MATERIAL FOR THIS EXERCISE ::
_ _ _

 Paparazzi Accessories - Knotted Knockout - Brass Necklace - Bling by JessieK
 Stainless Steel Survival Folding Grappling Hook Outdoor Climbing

_ _ _

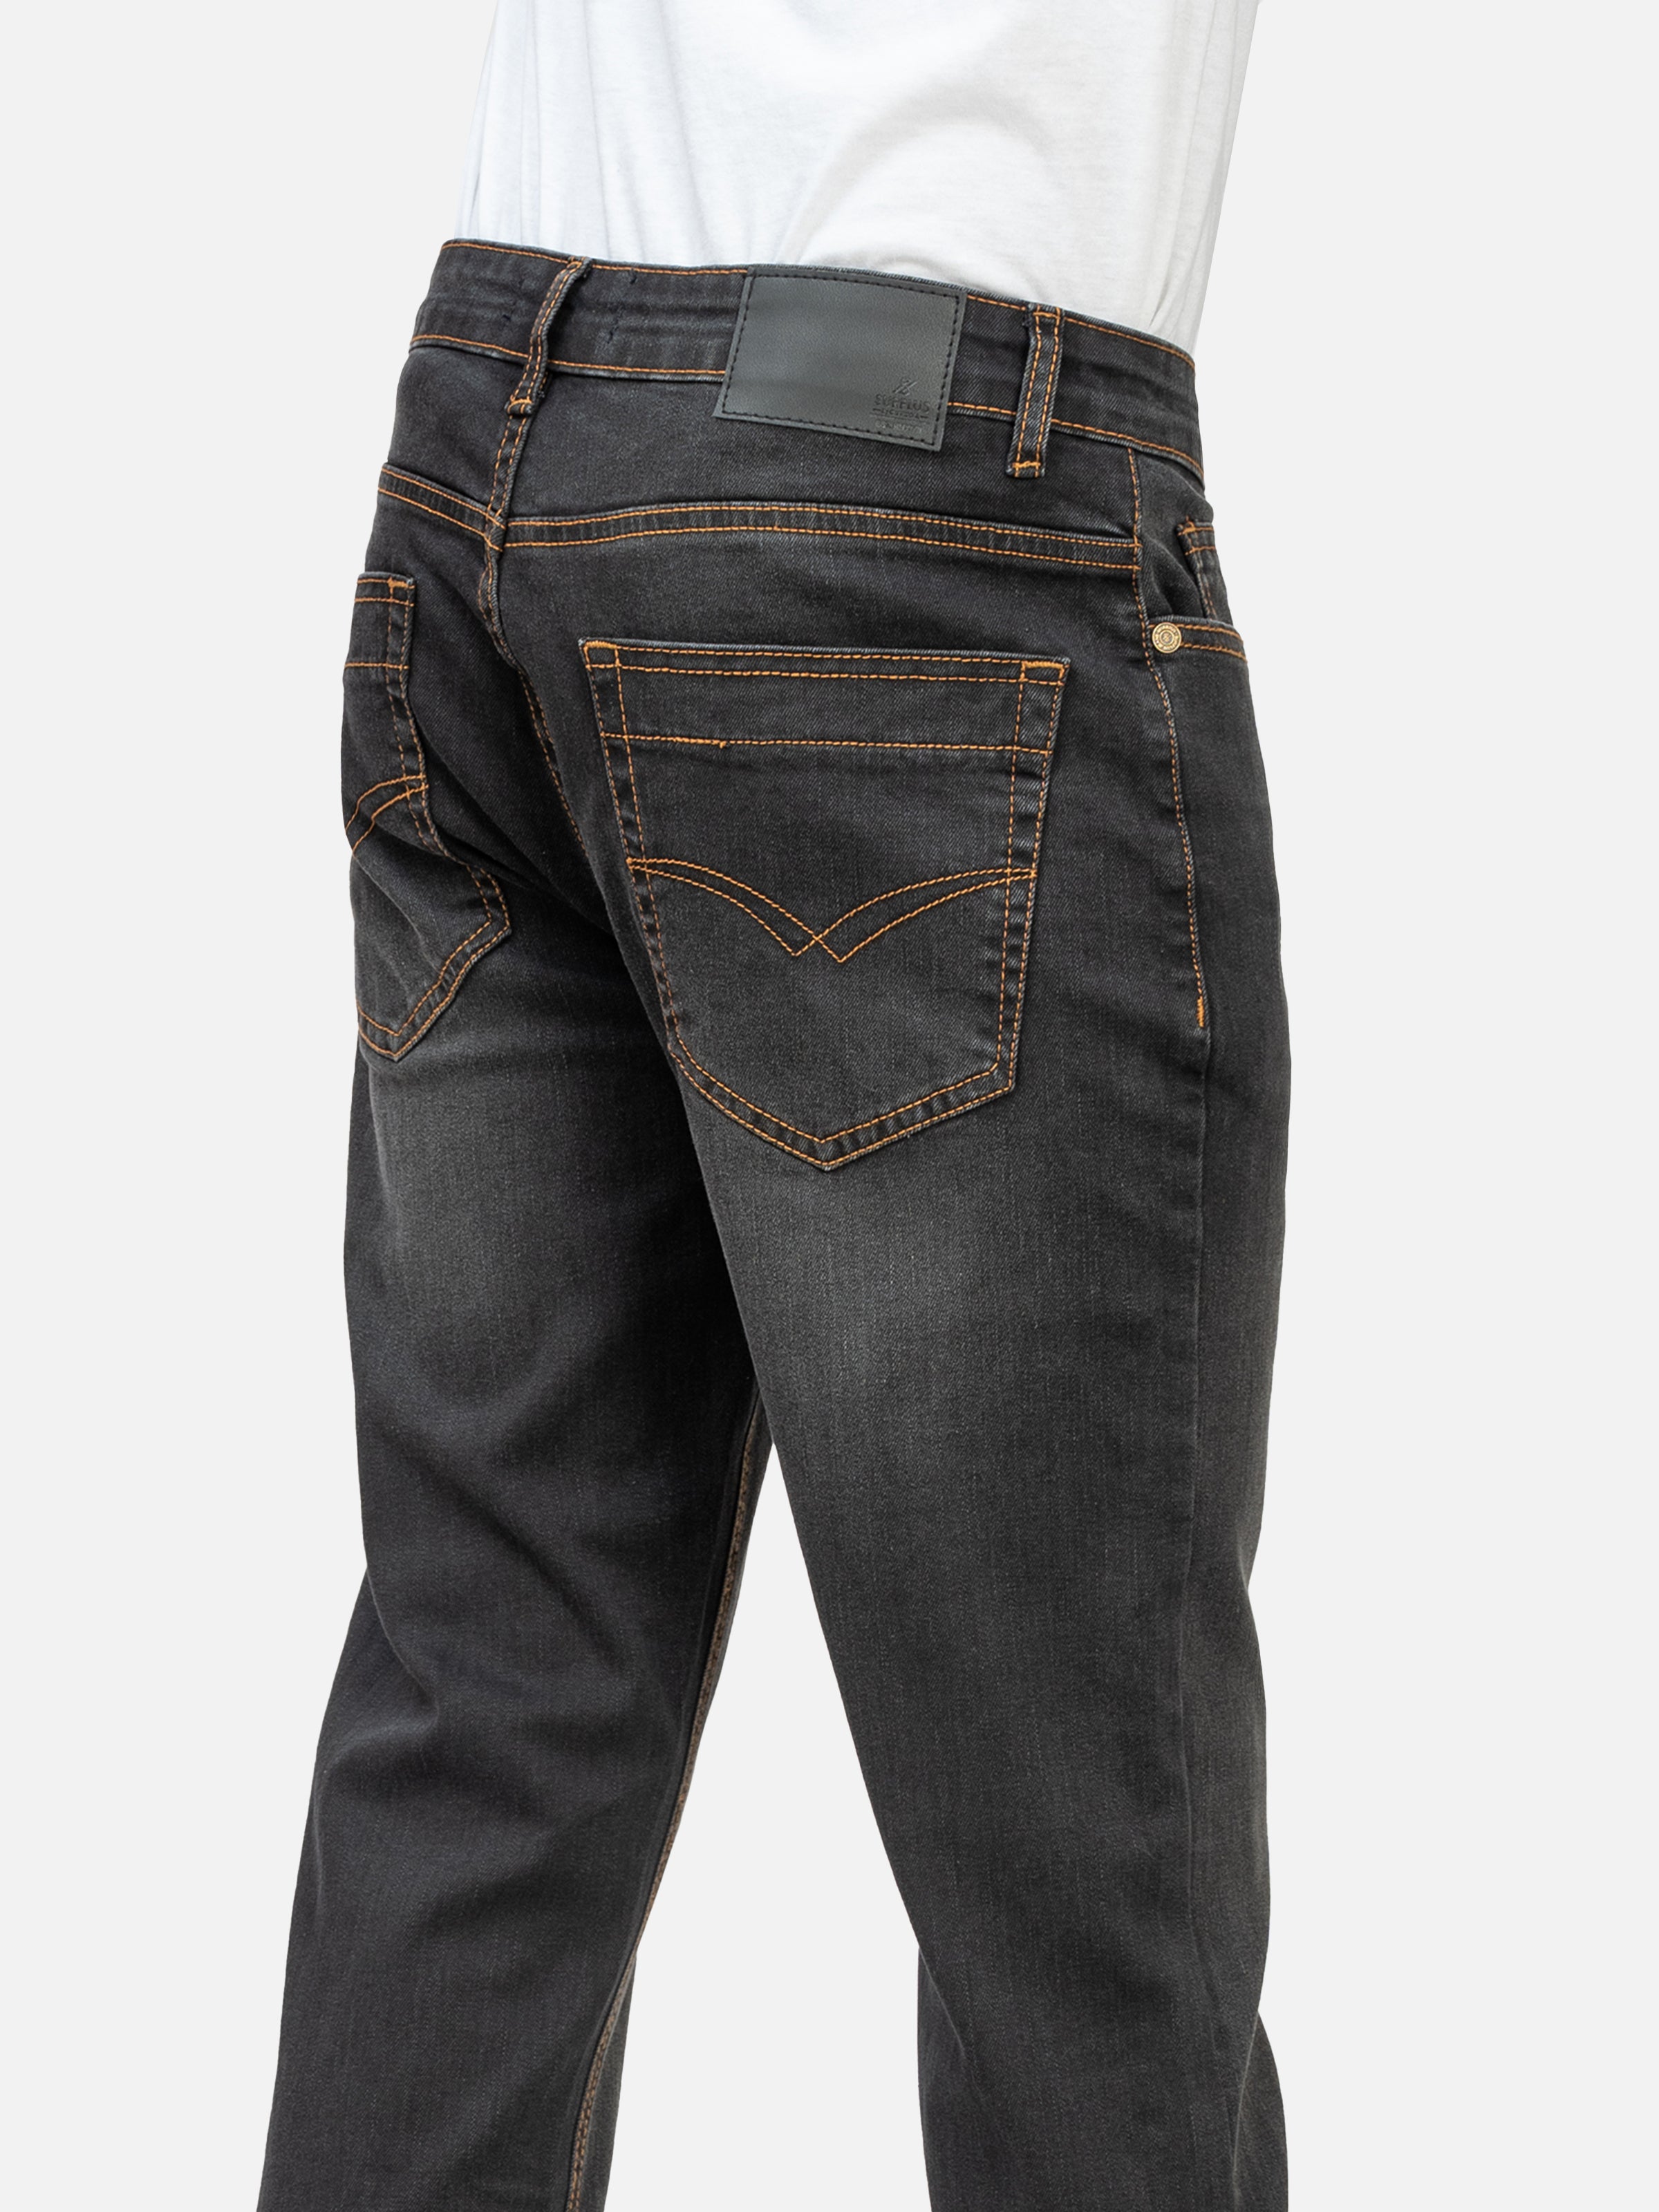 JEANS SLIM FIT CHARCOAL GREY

_ _ _

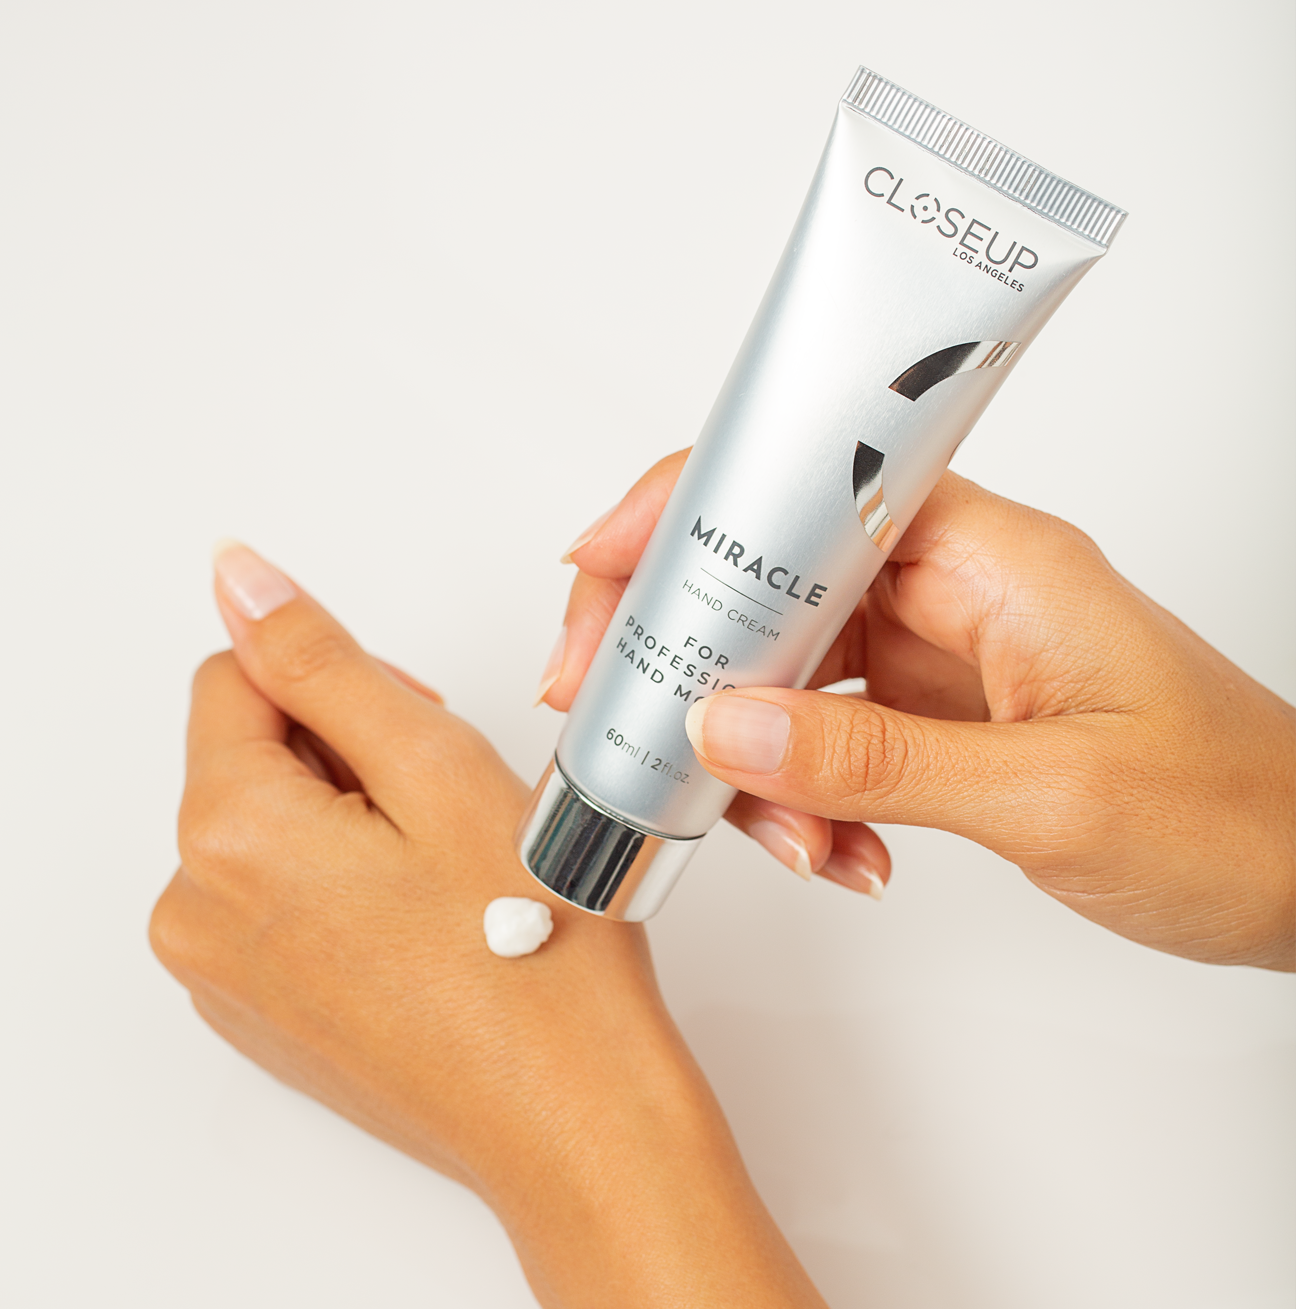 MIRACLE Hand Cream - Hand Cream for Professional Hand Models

_ _ _

AIM OF THE TASK :: Return, unchanged, the run of lines above that opens with the line containing "Paparazzi Accessories - Knotted" and closes with the line containing "Stainless Steel Survival". Include both.

RESPONSE TO THIS EXERCISE ::
 Paparazzi Accessories - Knotted Knockout - Brass Necklace - Bling by JessieK
 Stainless Steel Survival Folding Grappling Hook Outdoor Climbing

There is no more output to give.